Finally, a network of licorice BAs and their TARs involved in pathophysiology of NP was constructed fig. 3. These networks were constructed using Excel data sheets. TARs having involvement with pathophysiology of NP only were included in the network. Other TARs were excluded.
Further the network was analyzed with the help of tools available with network analyzer and taking help of various layout styles. The network was viewed in degree sorted circle layout fig. 4. Node degree of a node is defined as number of edges linked to a node. Degree sorted circle layout arranges a network depending on node degree distribution. The node with highest degree appears at 6’o clock position, with biggest circle. The nodes with decreasing degrees appear in anticlockwise direction, with decreasing size of circle. The network analysis is shown in Table 3.
Licorice Network | |
---|---|
Number of nodes | 69 |
Network density | 0.042 |
Network heterogeneity | 0.862 |
Self-loops | 0 |
Network diameter | 8 |
Network radius | 4 |
Isolated nodes | 0 |
Average number of neighbors | 2.841 |
Table 3: Analysis of Licorice Network Using Cytoscape Network Analyzer
The current study generated network provides a molecular overview of antinociceptive effect of licorice by bringing the BAs, their TARs, interacting proteins and pain pathways together. Licorice is known to have various active constituents with proven preclinical anti-inflammatory and antioxidant activities. Chen et al., has reported mechanism of action licorice by network pharmacological techniques. As per the network reported by them, licorice constituents can work on TARs involved in anti-inflammatory process, neuroactive and vasoactive amine metabolisms, hormone transcription regulation and glyceraldehyde oxidoreductase activity[27].

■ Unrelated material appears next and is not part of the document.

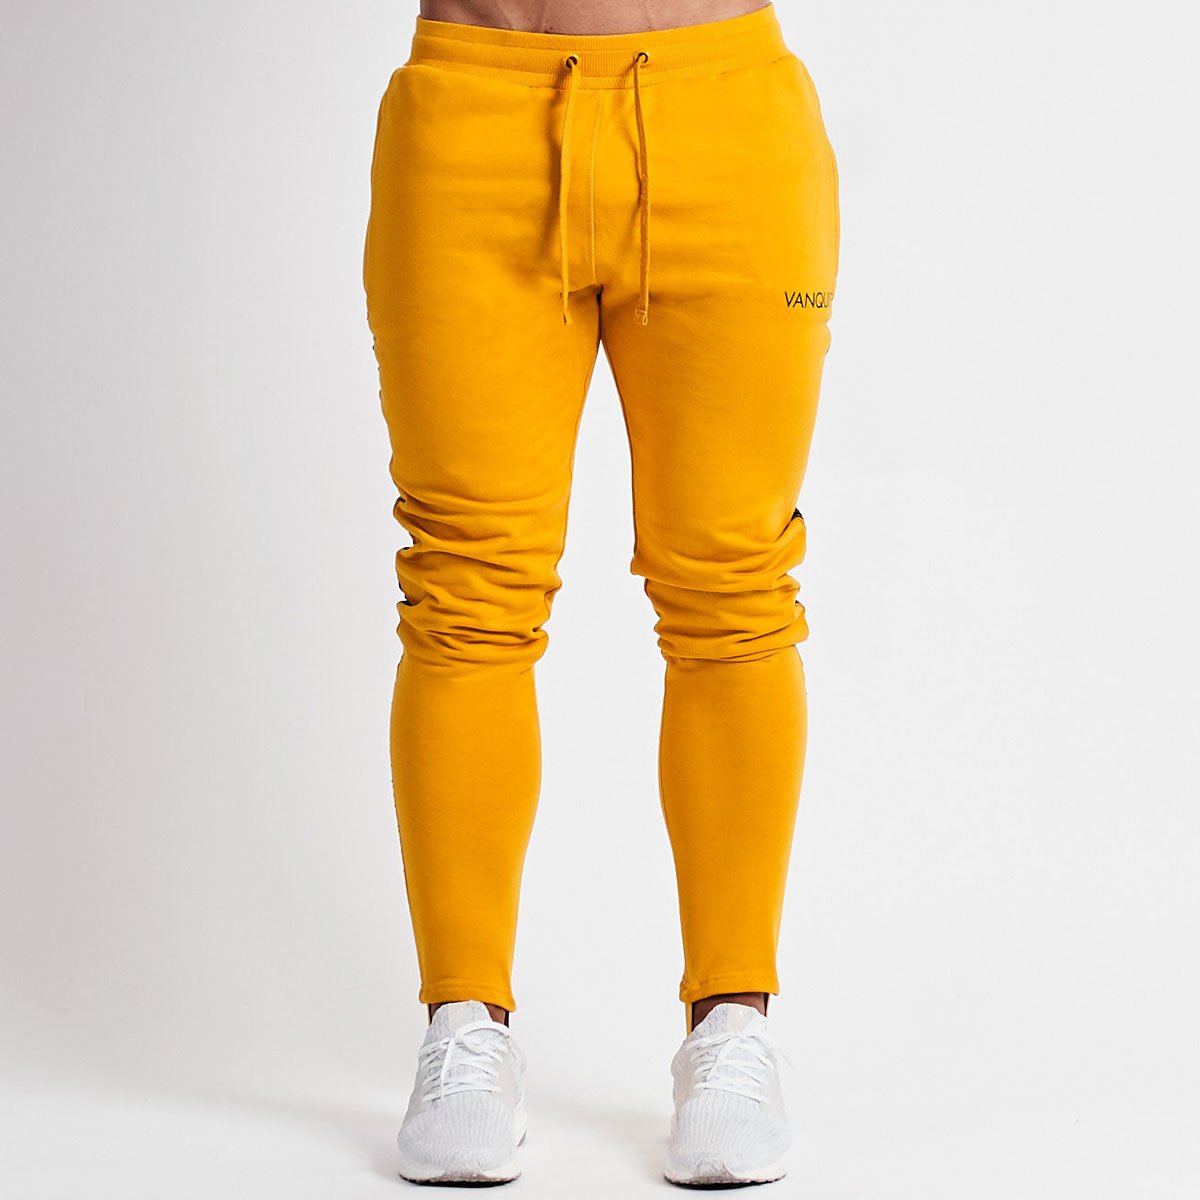 Vanquish Minimal Yellow Tapered Sweatpants

From the degree sorted circle layout, it can be seen that 18β Glycyrrhetinic Acid (GA), glycyrrhizin, liquiritin and liquiritigenin are few of the important constituents of the licorice extract. 18β GA has shown sodium channel blocking activity and antiinflammatory activity[28,29]. Liquiritin and liquiritigenin have shown to reduce lipopolysaccharide induced release pro-inflammatory mediators such as TNF-α, Interleukin (IL)-1β and IL-6, in various pre-clinical models[30]. The network pharmacology technique, helped to predict various TARs through which BAs are working to attenuate NP. Phytoconstituent 18βGA was found to work through HSD11B1, HSD11B2, CACNA1C, PTGES and PRKCH receptors. HSD11B1, HSD11B2 are associated with enzyme 11β-Hydroxysteroid Dehydrogenase (11-βOHSD). It is reported that 18βGA is a potent inhibitor of 11-βOHSD. It is postulated that its antiinflammatory activity is the expression of reduced conversion of cortisol to its biologically inactive product cortisone[31]. A research report by Kiso et al., also claims involvement of HSD11B1, HSD11B2 in pathophysiology of NP, further straightening the claim[23]. CACNA1C is associated with voltage dependent L-Type Calcium Channels (LTCs). LTCs are mostly post-synaptic channels regulating neuronal firing and gene expression. Their involvement in pain processes was also recognized recently. When applied locally in the dorsal horn of the spinal cord, the three families of LTC pharmacological blockers–dihydropyridines, phenylalkylamines and benzothiazepines proved effective in altering short-term sensitization to pain, inflammationinduced hyper excitability and neuropathy-induced allodynia[32]. Target PRKCH is associated with TRP channels. TRP channels are activated in damaging pressure, extreme temperature and toxic chemicals. TRP channels including TRPV1, TRPA1 and TRPM8 play a central role in the sensitization of nociceptive transduction as mentioned earlier. TRPM8 is also listed as a successful target in TTD. Target PTGES is associated with Prostaglandin E synthase. Prostaglandin E2 (PGE2) is considered to be the principal proinflammatory prostanoid and to play an important role in nociceptive processing and sensitization in the spinal cord as well as in the periphery by acting through four PGE receptor. Blockade of PGE2 have shown to attenuate symptoms of NP[24].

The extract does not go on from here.